** Given material follows **

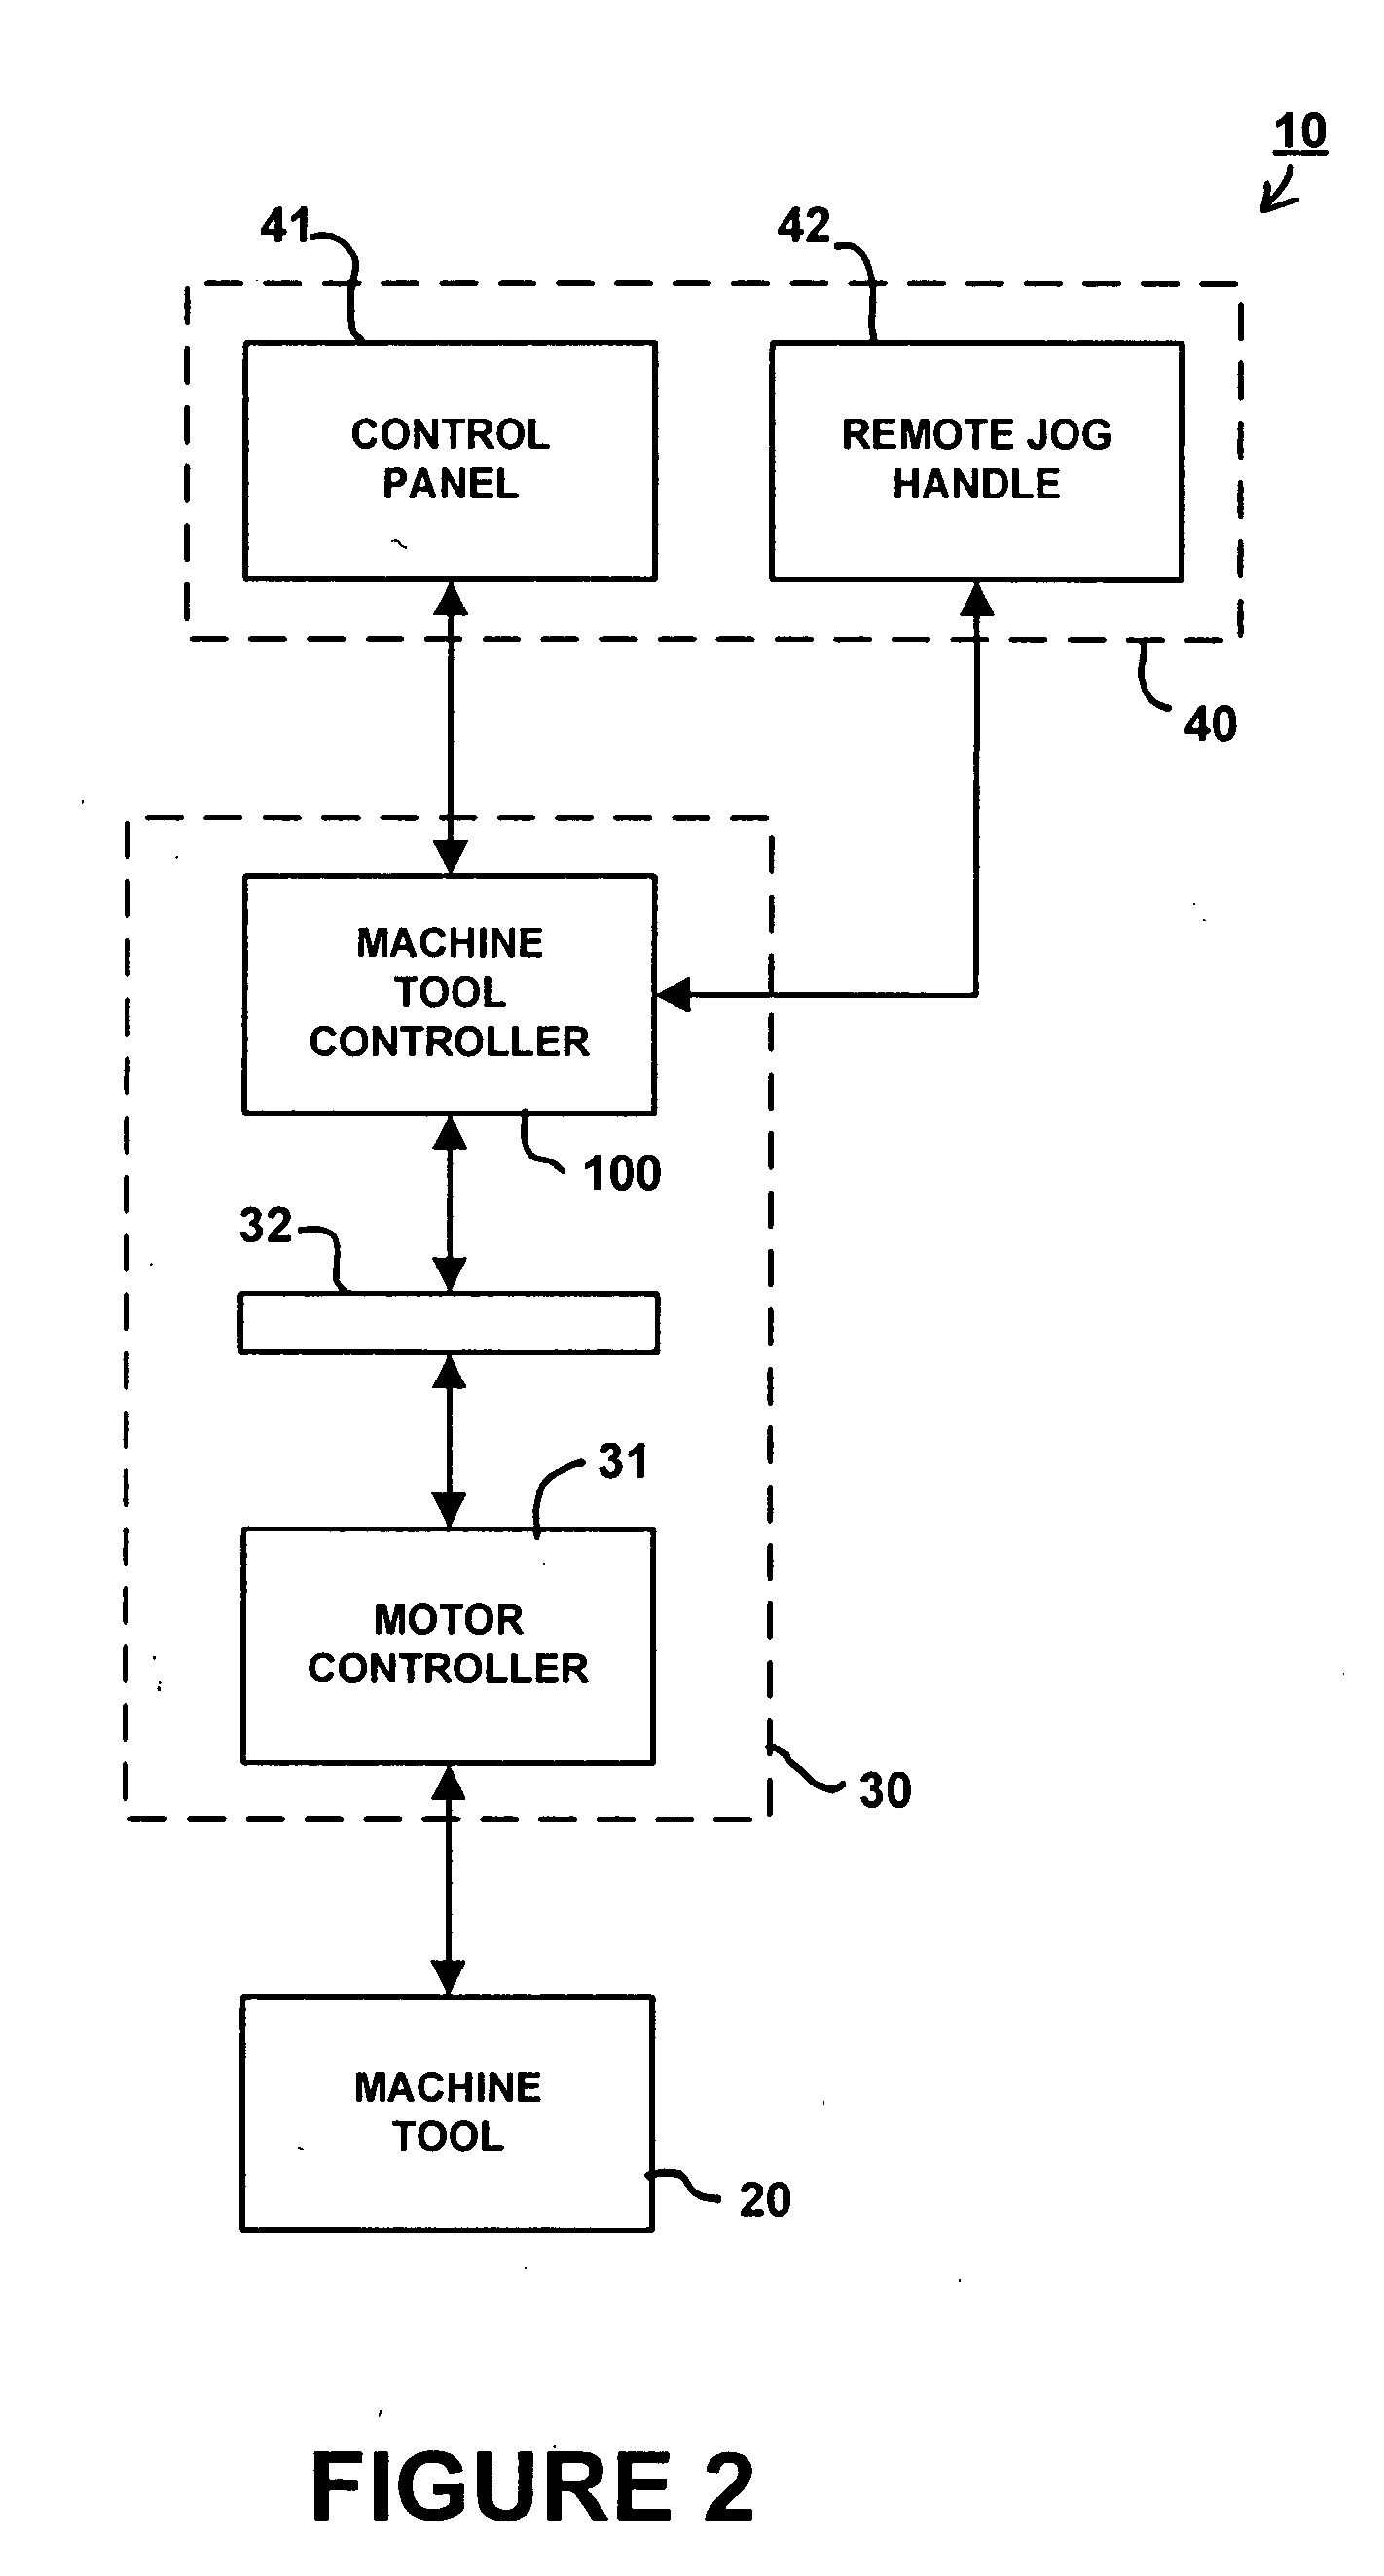 Machine tool control system
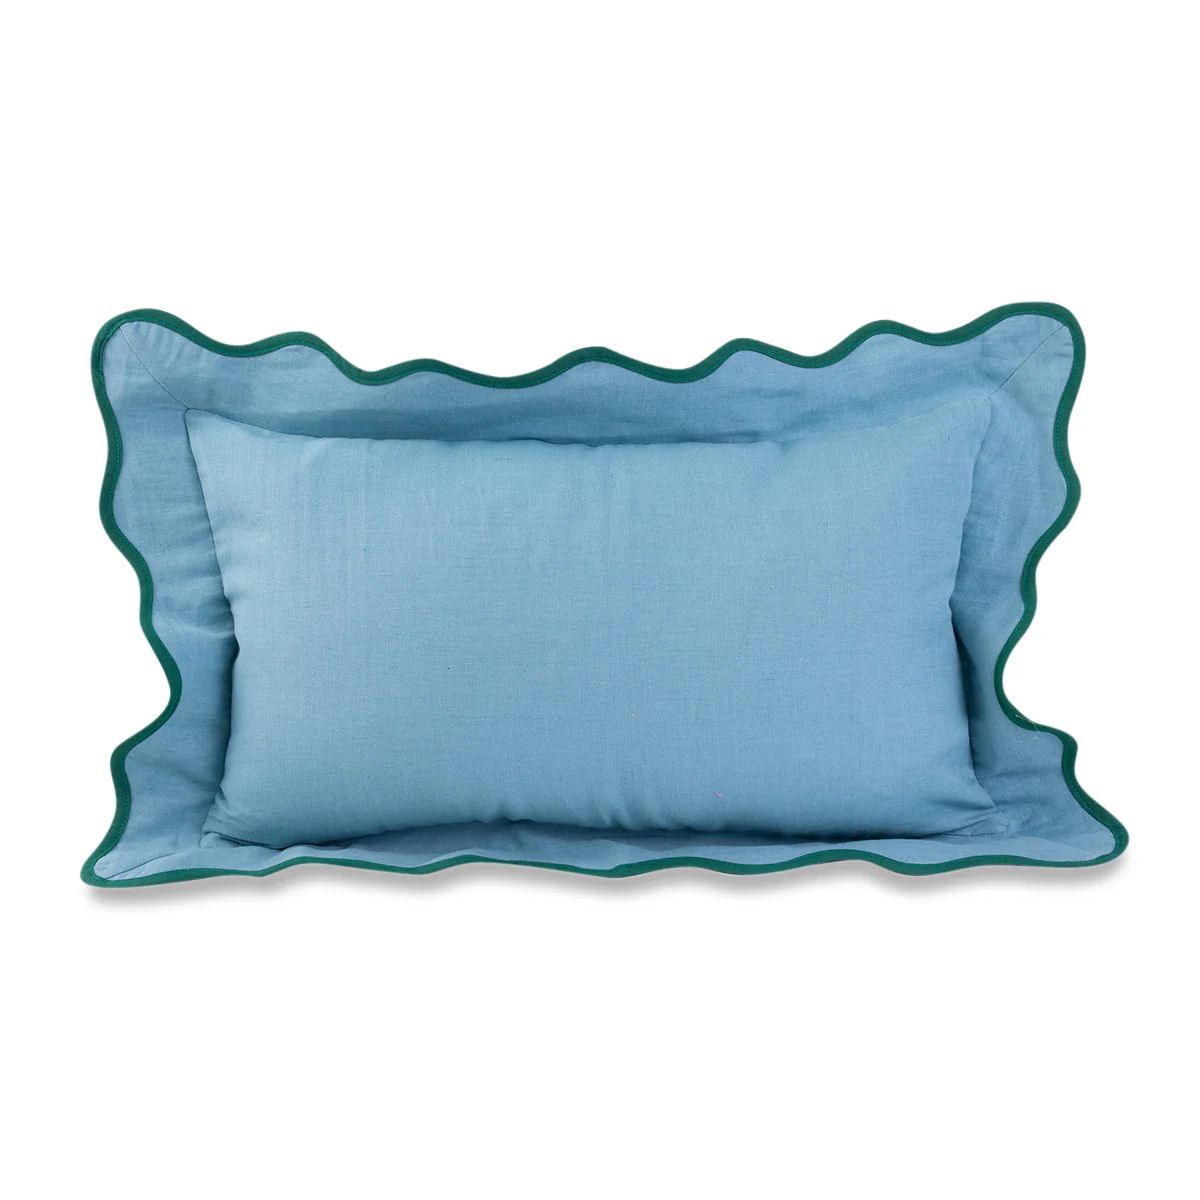 Furbish Studio - Darcy Linen Lumbar Pillow - Aqua + Green | Furbish Studio
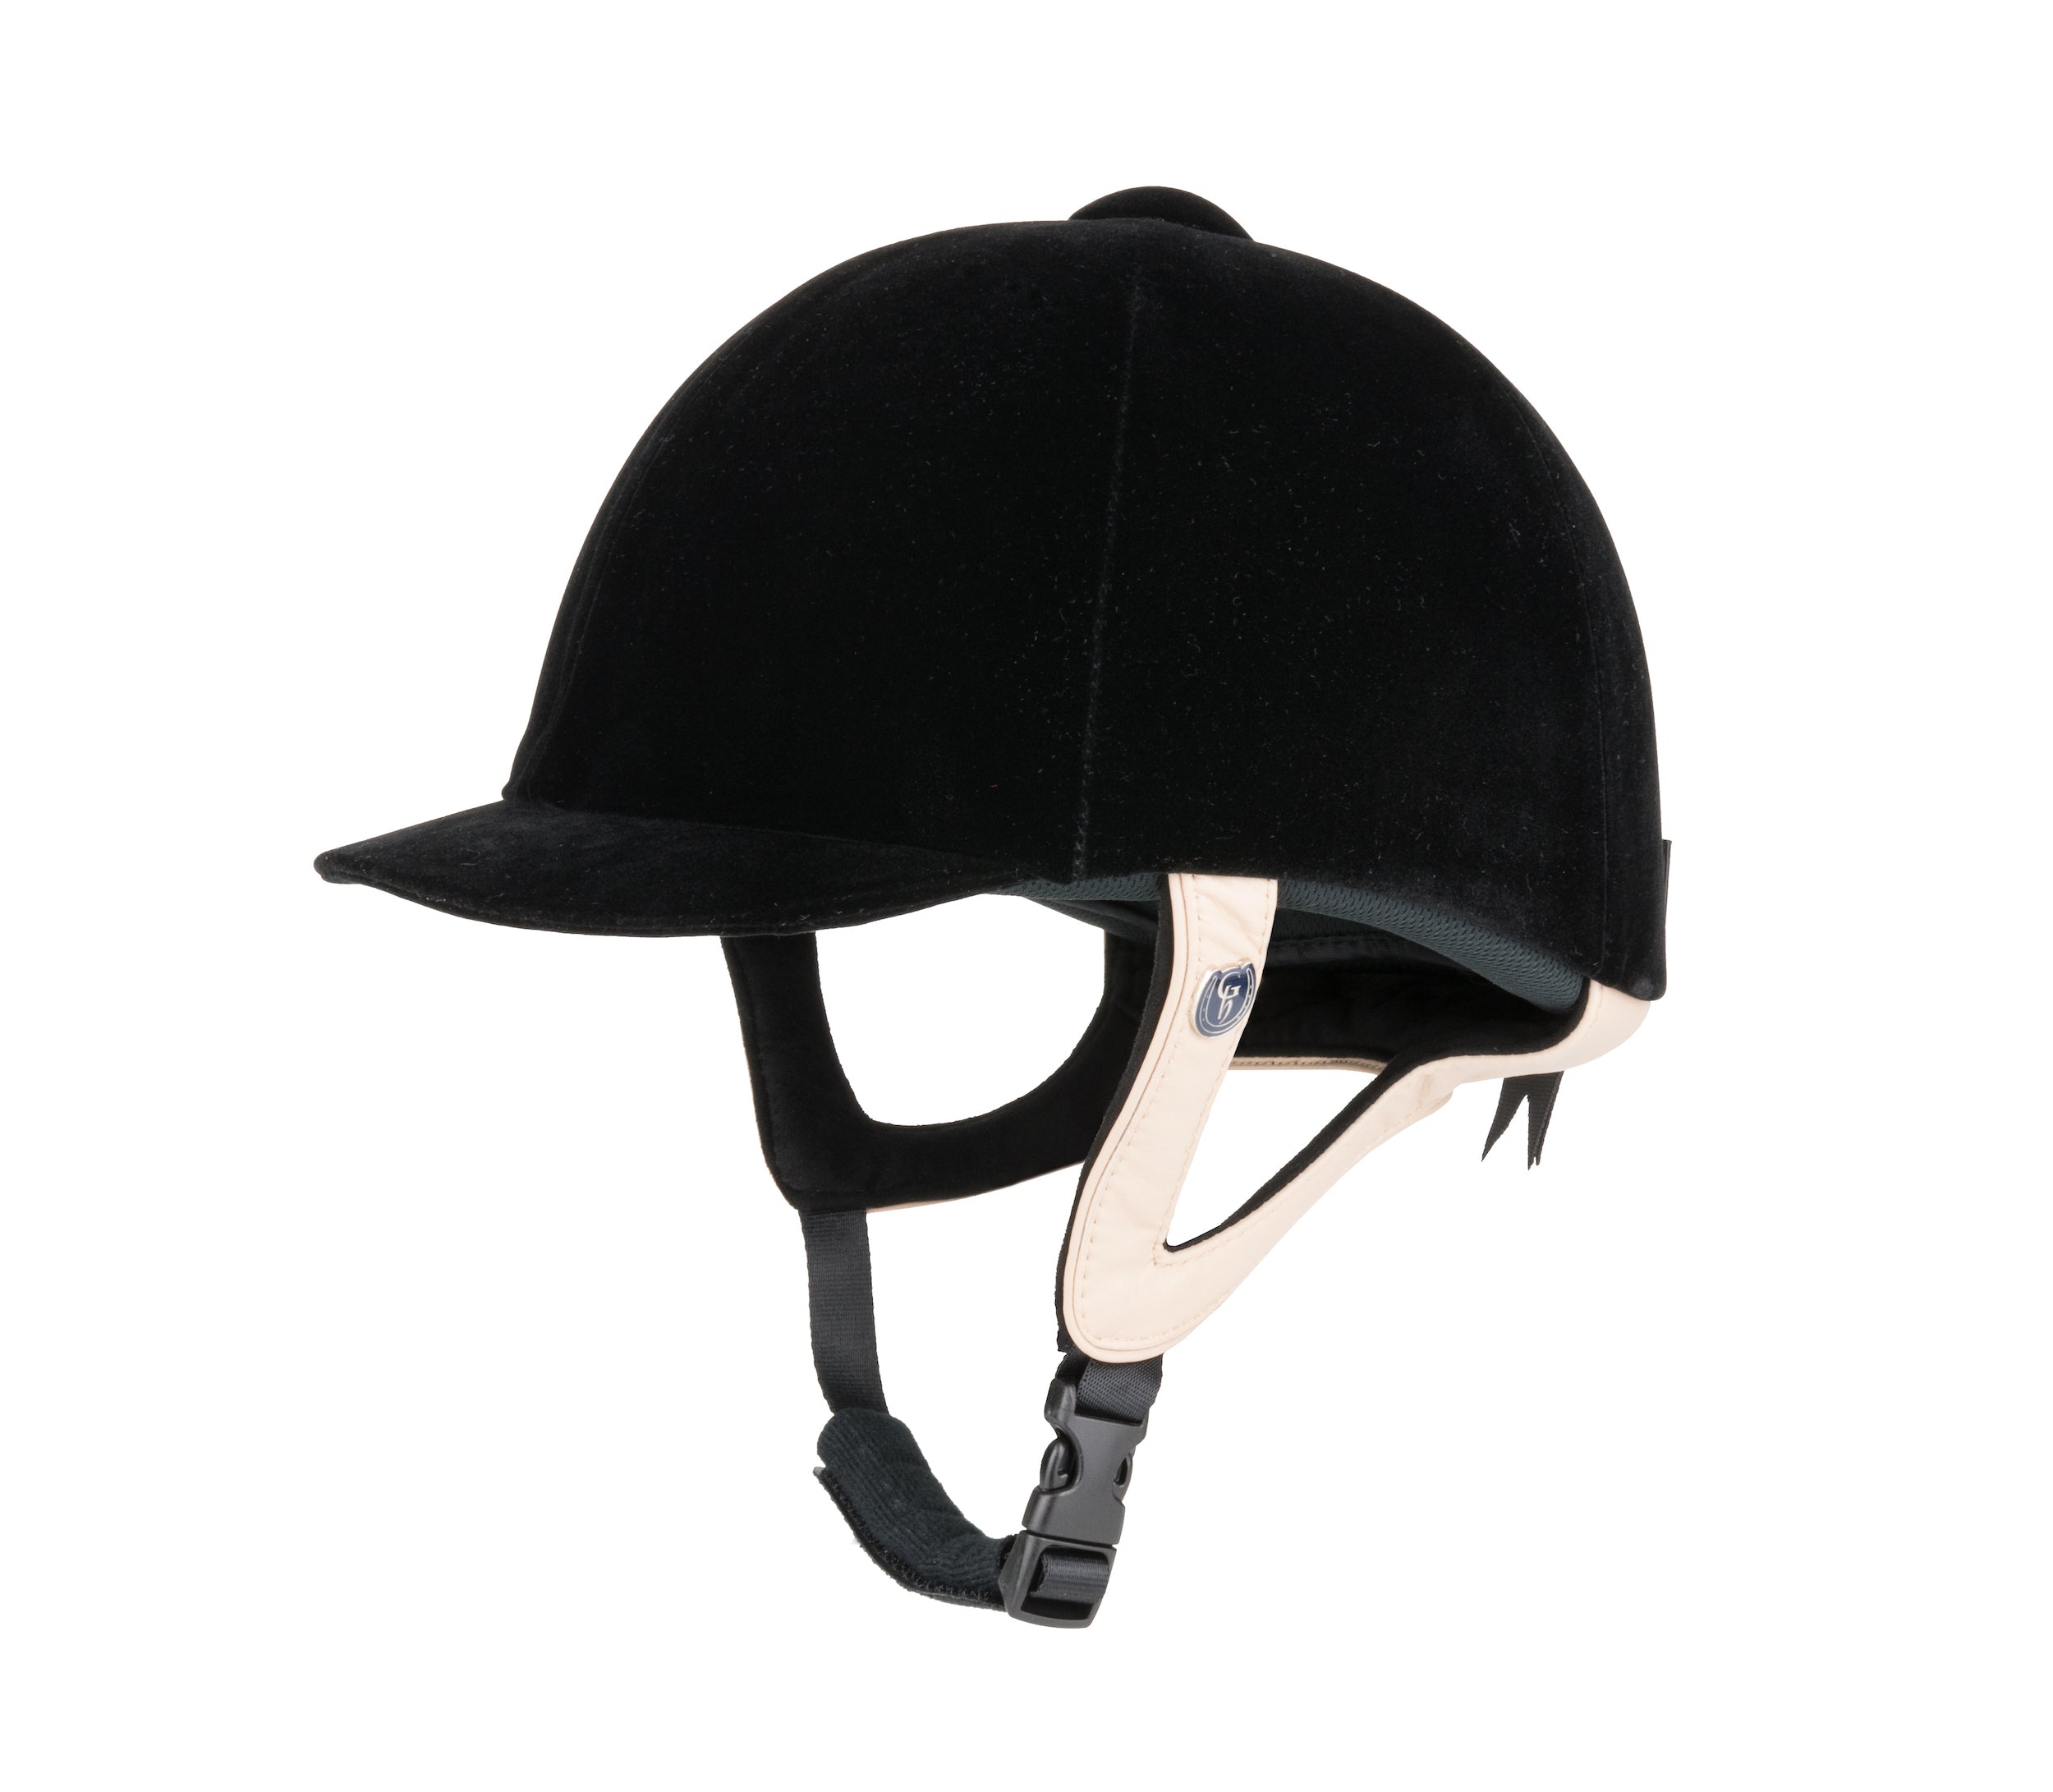 GH Jeunesse Velvet Riding Hat - Black

** End of Given material **

* To do: Restate the data above verbatim, skipping every image.

* Response box:
 Machine tool control system
 Furbish Studio - Darcy Linen Lumbar Pillow - Aqua + Green | Furbish Studio
 GH Jeunesse Velvet Riding Hat - Black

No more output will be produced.